The System Prompt is a hidden set of instructions that tells the model who it is and how to behave. You never see it. It's already there before you type anything.
This is important — you'll use System Prompts heavily when building AI applications.
Step 2 — Text Gets Broken Into Tokens
The model cannot read words the way you do. It converts your text into tokens first.
Tokens are not exactly words. They are chunks of text — sometimes a full word, sometimes part of a word, sometimes punctuation.
"What is the tallest mountain in the world?"
→ ["What", " is", " the", " tall", "est", " mountain",
" in", " the", " world", "?"]
Each token gets converted to a number — because neural networks only understand numbers.
"What" → 2061
" is" → 318
" the" → 262
" tall" → 9857
"est" → 395
" mountain"→ 8598
...
We will go very deep on tokens and tokenization in Module 1.3. For now, just know this conversion happens.
Step 3 — Tokens Pass Through the Transformer
The sequence of numbers (tokens) gets fed into the Transformer — the neural network that is the heart of every LLM.
The Transformer does one thing extremely well:
It looks at ALL tokens simultaneously and figures out how each token relates to every other token.
For your sentence, it understands:
- "tallest" is directly related to "mountain"
- "world" gives global scope to the question
- The whole sentence is asking for a factual comparison
This is the Attention Mechanism — the model pays different amounts of "attention" to different tokens depending on context. We'll cover this deeply in Phase 2.
Step 4 — The Model Predicts the Next Token
After processing your input, the model now produces a probability distribution over its entire vocabulary — which is typically 50,000 to 100,000 tokens.
For every single token in its vocabulary, it assigns a probability:
Next token probabilities:
"Mount" → 31.2%
"The" → 18.7%
"Everest" → 14.3%
"Mt" → 11.1%
"K2" → 2.1%
"Mars" → 0.0001%
...
It picks the most probable one (or near-most-probable, depending on temperature — we'll cover this in Module 1.3).
Let's say it picks "Mount".
Step 5 — The Token Gets Added, Process Repeats
Now the model has:
Input + "Mount"
It runs the whole process again. New probability distribution:
"Everest" → 89.4%
"Fuji" → 3.1%
"Kilimanjaro" → 1.2%
...
Picks "Everest". Now it has:
Input + "Mount Everest"
Runs again. Picks " is". Then " the". Then " tallest". Then " mountain". And so on.
"Mount Everest is the tallest mountain in
the world, standing at 8,848 meters
(29,032 feet) above sea level."
This process is called autoregressive generation. Every token depends on all previous tokens. The model keeps generating until it produces a special "end of sequence" token that signals it's done.
The Full Flow Visualized
You type a message
↓
System Prompt + Your Message combined
↓
Text converted to Tokens
↓
Tokens converted to Numbers
↓
Numbers fed into Transformer
↓
Transformer runs Attention across all tokens
↓
Probability distribution over vocabulary
↓
Most probable token selected
↓
Token added to sequence
↓
Repeat until [END] token
↓
Numbers converted back to Text
↓
Response streams to your screen
Why Does ChatGPT Sometimes Get Things Wrong?

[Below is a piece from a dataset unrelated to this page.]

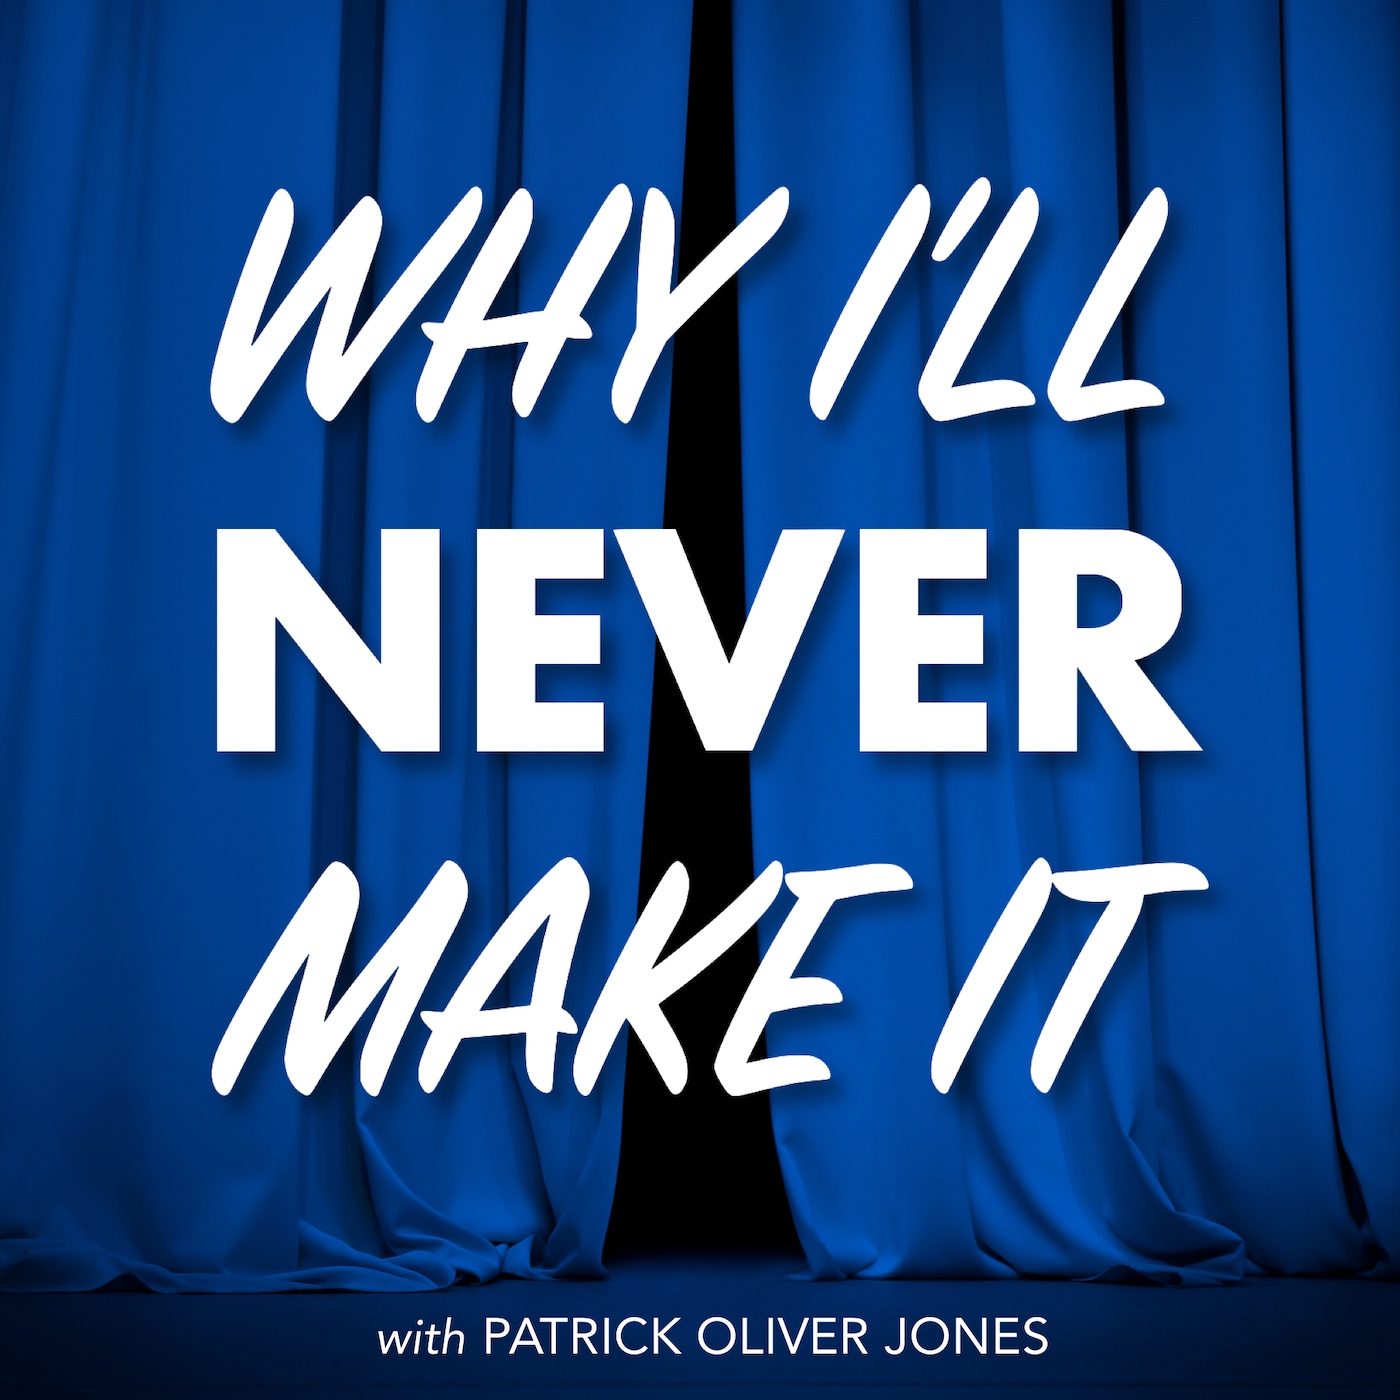 Why I'll Never Make It - An Actor's Journey

This is one of the most important things to understand before building AI apps.
Remember — the model is not looking anything up. It is not connected to a database of facts. It is predicting the most probable next token based on patterns it saw during training.
This means:
If the training data had wrong information → the model learned wrong patterns → it will confidently produce wrong answers.
If the training data didn't cover something → the model has no pattern to follow → it may "hallucinate" — generate plausible-sounding but completely false information.
If something happened after the training cutoff → the model simply doesn't know → it might guess or make something up.
This is called hallucination — and it's not a bug. It's a fundamental property of how these models work. The model always generates something — it doesn't know how to say "I have no pattern for this."
This is exactly why RAG (Retrieval Augmented Generation) exists — which we'll cover in Phase 5. RAG is the solution to hallucination. Instead of relying on the model's internal knowledge, you inject real, current, verified information directly into the prompt. The model then generates based on that real context instead of guessing.
Why Does It Give Different Answers Every Time?
This is where temperature comes in — and we'll go deep on this in Module 1.3.
Short version: the model doesn't always pick the single highest probability token. It picks probabilistically — meaning sometimes the 2nd or 3rd most likely token gets picked. This introduces variation.
Same question, two runs:
Run 1: "Mount Everest is the tallest mountain..."
Run 2: "The tallest mountain in the world is Mount Everest..."
Both correct. Different phrasing. Because different tokens got sampled.
Turn temperature to 0 → it always picks the highest probability token → completely deterministic, same answer every time.
Turn temperature up → more randomness → more creative, more varied, sometimes more wrong.
One More Thing — ChatGPT Has No Memory By Default
This surprises a lot of people.
Every time you send a message in a conversation, the entire conversation history is sent back to the model from the beginning. The model itself stores nothing.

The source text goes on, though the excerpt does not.